The lately imprisoned crowd came laughing down the stairway to the street, Sellick laughing with the rest, though rather foolishly. He carefully folded Judge Garty’s warrant, and stuck it into the lining of his hat, remarking, “‘It may come in play some time,’ as the stingy man said when he laid away the bad egg in his cupboard.” Then stooping to pick up a bruised tin cup which lay at the foot of the stairs, “That’s an honest boy, deacon! He paid for the milk, and he left the cup.—This belongs to you, I believe,” handing it to the little fat grocer. “It looks like a good cup, and the milk may have been good milk, but the boy, I’m free to say, didn’t seem to be satisfied with it.—Now what’s to be done, squire? There’s no use crying for the article arter it’s spilt, ye know.”

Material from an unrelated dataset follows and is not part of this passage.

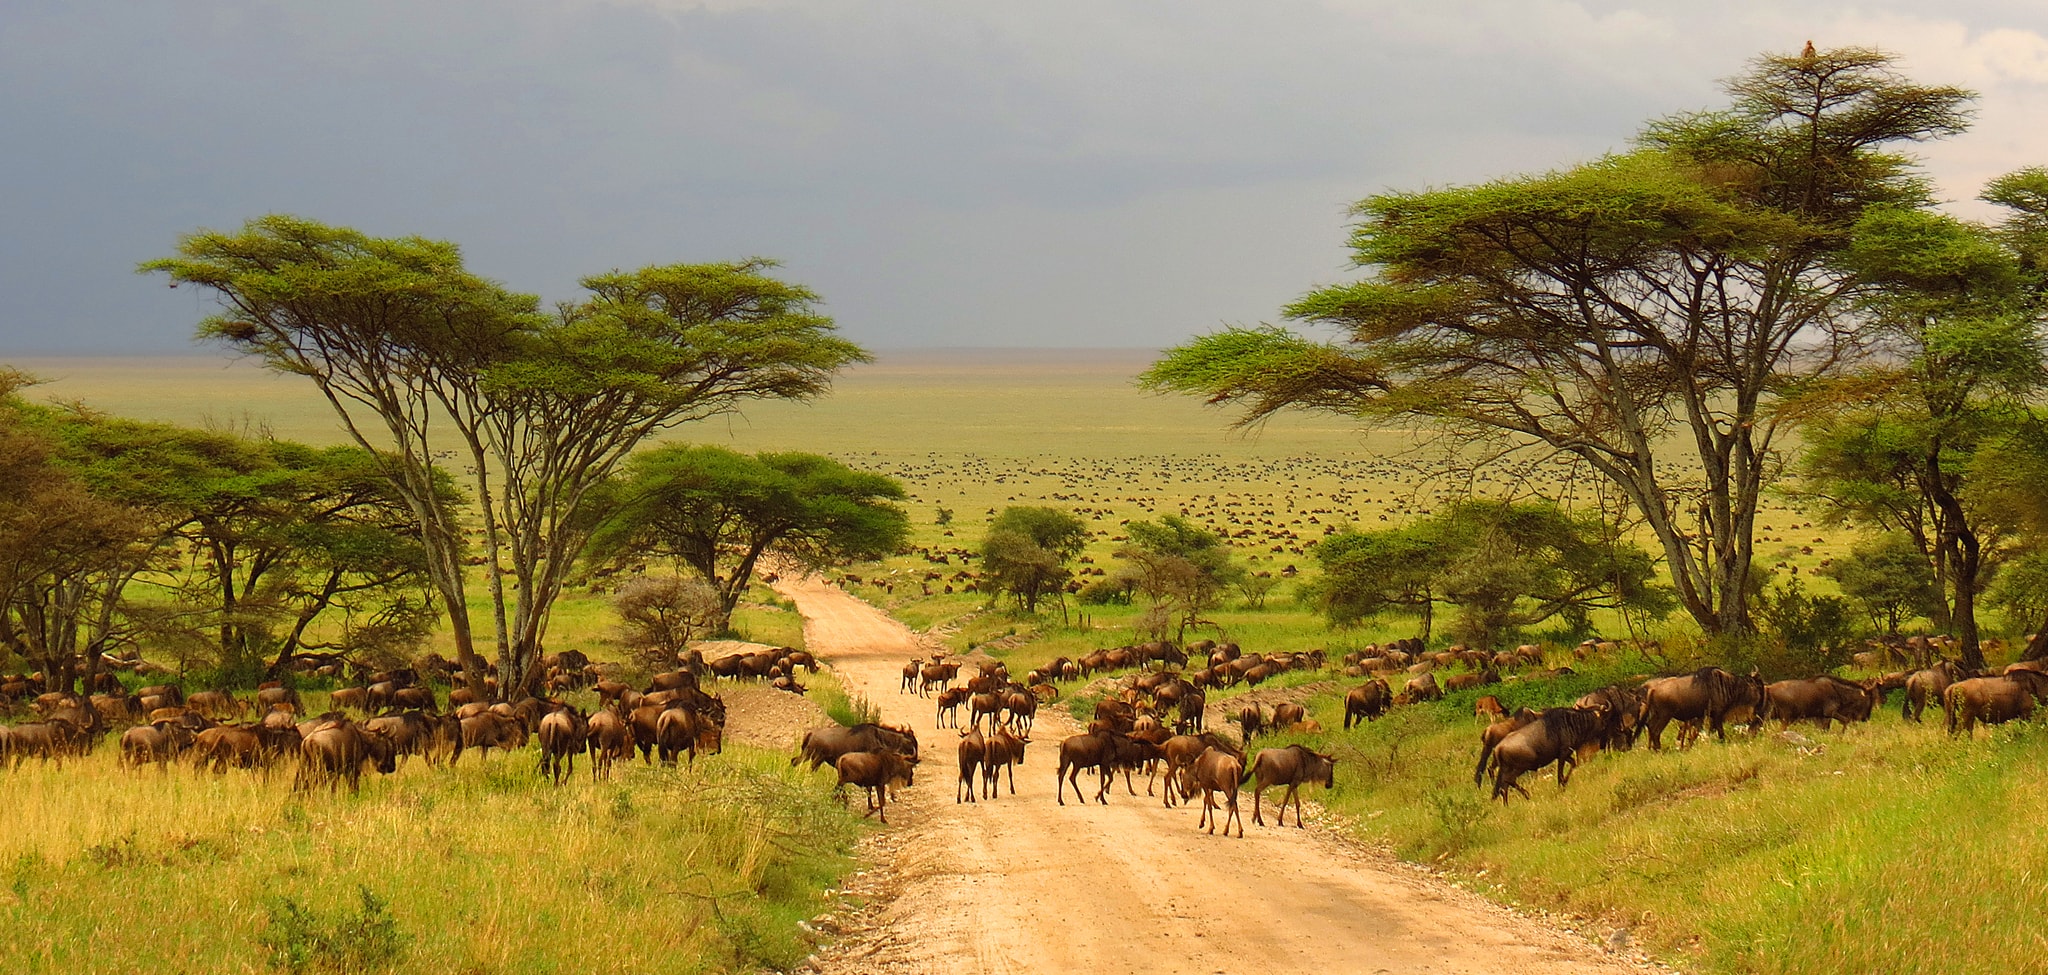 Dél-Afrika körutazás és szafari: Krüger Nemzeti Park

The bareheaded old man strode past him, frowning prodigiously, and, taking his hat from the post, all wet as it was, put it on.
“Get track of your prisoner and take him!” he said impatiently. “What do ye stand dawdling here for? Somebody must have seen him!”
That was true enough. Reports were even then coming in of a youth whom women washing at their back doors had observed leaping fences and running fast across gardens and fields, away from the village. And now came shouts from down the canal, which drew the whole crowd in that direction.